Detection signals from both passive and active layers merge in the correlation engine, which maintains a relationship graph with confidence scores.

Signal Types

SignalConstantBase Confidence
Spawn pattern matchspawn~0.85
Trace context headercontext~0.95
Temporal correlationtemporal~0.50
HMAC-verified ticketsignature1.0

Confidence Merging

Multiple signals for the same parent-child pair are merged using diminishing returns:
merged = max(existing, new) + (1 - max) * 0.1
For example, a spawn signal (0.85) followed by a context signal (0.95) produces:
max(0.85, 0.95) + (1 - 0.95) * 0.1 = 0.95 + 0.005 = 0.955

Relationship Graph

The engine tracks:
type AgentRelationship struct {
    ParentAgentID string
    ChildAgentID  string
    Confidence    float64
    Signals       []Signal   // all contributing signals
    SpawnType     string     // "direct", "delegation", "fork"
    Depth         int        // nesting level
}
Relationships are published to the quint.relationships.{org_id} NATS subject for downstream consumption.

Signal Flow

When a spawn is detected, the following happens:
1

Pattern Match

The tool call matches a spawn pattern. A SpawnEvent is emitted with the pattern ID, confidence, and child hint.
2

Ticket Generation

An HMAC-SHA256 spawn ticket is created with the parent’s identity, narrowed scopes, and a 5-minute TTL.
3

Ticket Injection

The ticket is injected into the tool call’s _quint field (MCP) or made available via X-Quint-Trace (HTTP).
4

Child Verification

When the child agent connects, it presents the ticket.
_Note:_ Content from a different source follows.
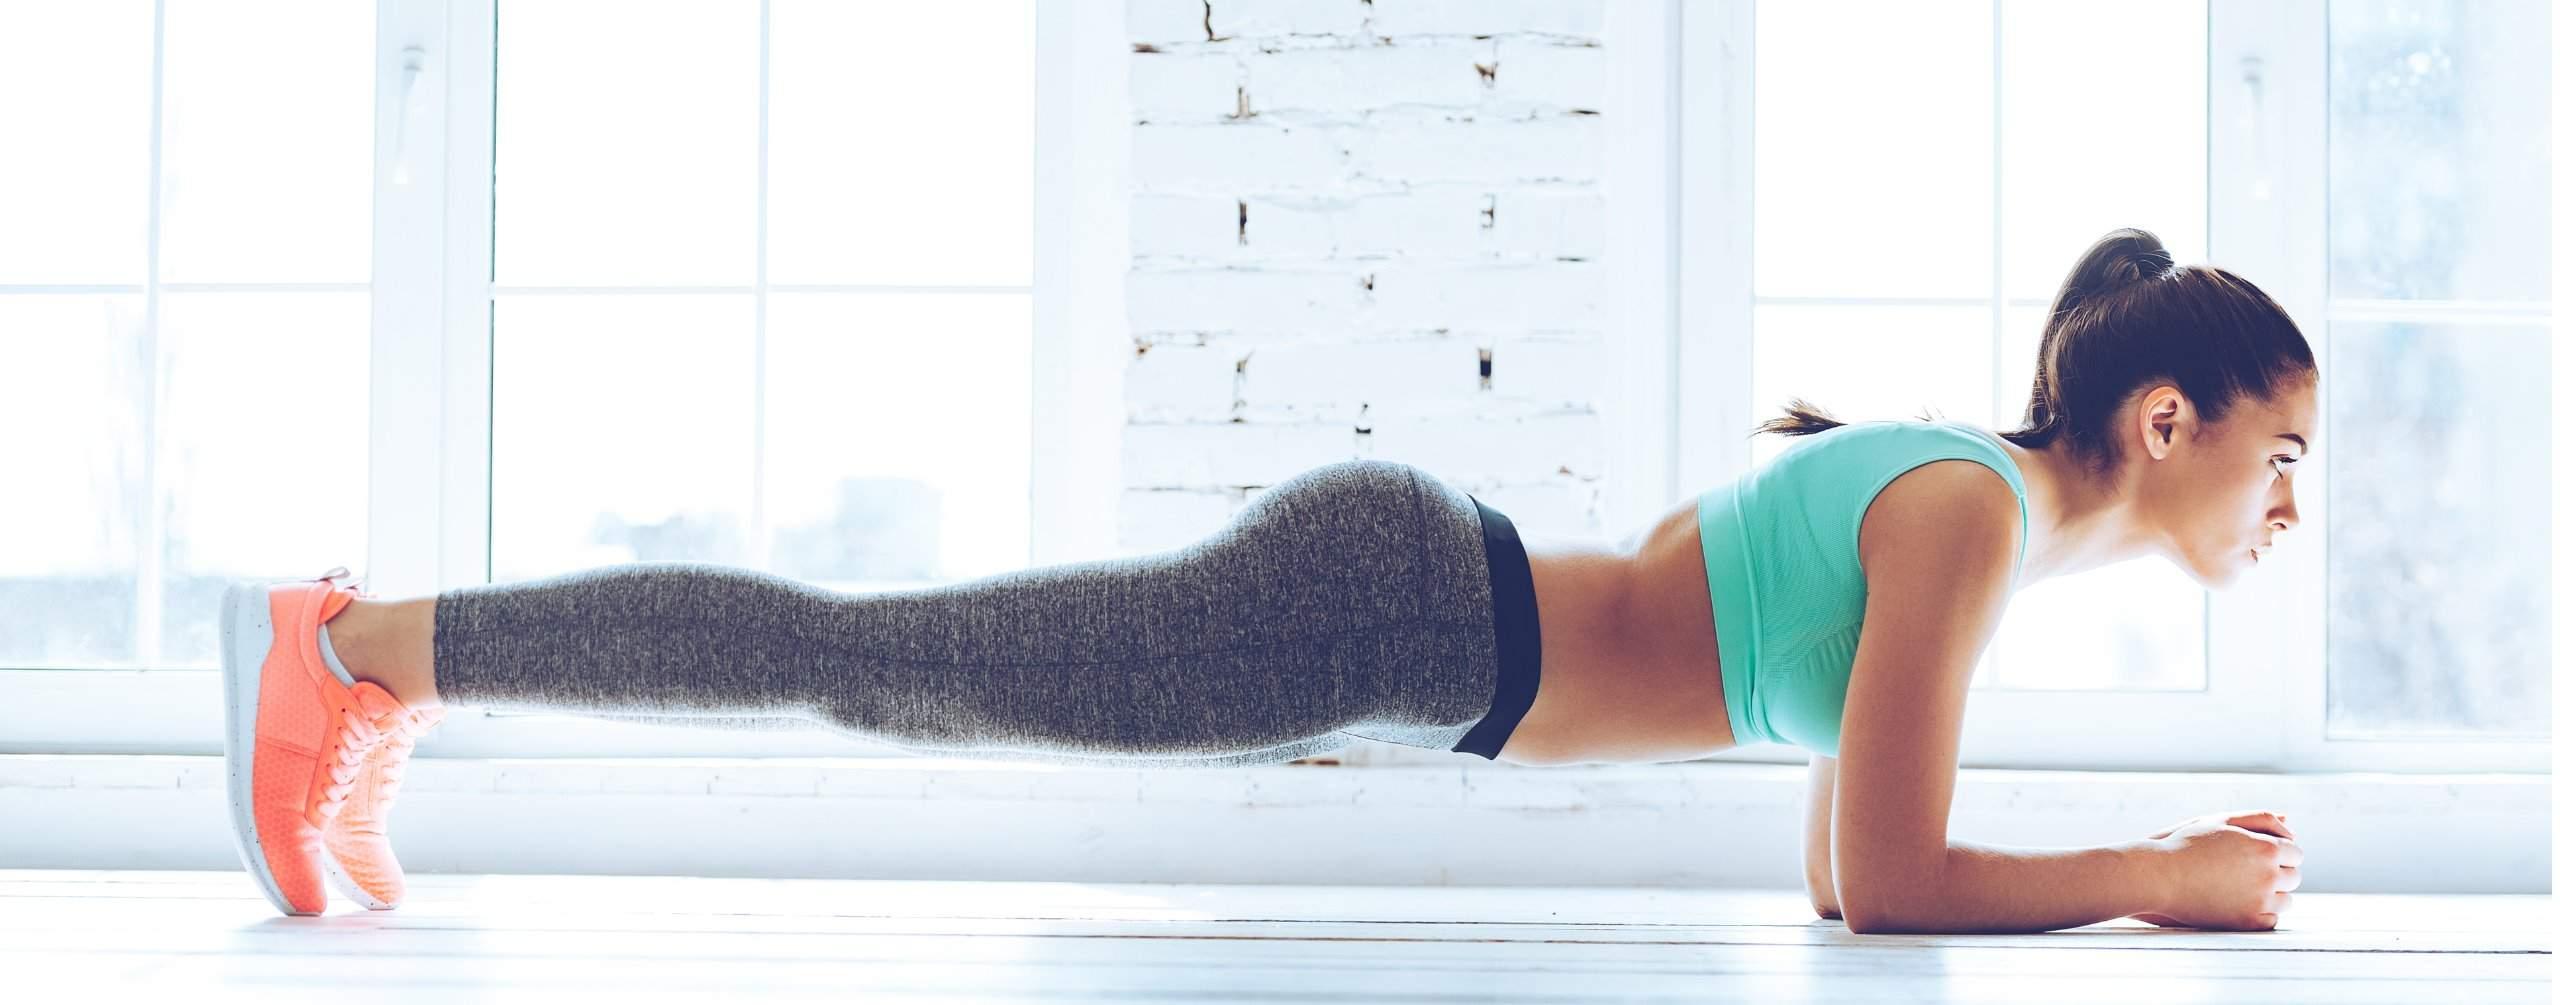 Junge Frau macht eine Sportübung.

Quint verifies the HMAC signature and establishes the relationship with 1.0 confidence.
5

Correlation

The spawn signal is sent to the correlation engine, which merges it with any other signals (temporal, context, model divergence).
6

Streaming

The spawn event is published to the quint.spawns.{org_id} NATS subject.

Dashboard Visualization

The dashboard renders parent-child trees from the correlation engine data. Each node shows:
  • Agent name and provider
  • Model in use
  • Confidence score for the parent-child link
  • Signal types that contributed to detection
Passive sub-agent detection in forward proxy mode relies on heuristics (model divergence, timing, concurrency). For guaranteed detection, use spawn tickets with HMAC-SHA256 verification.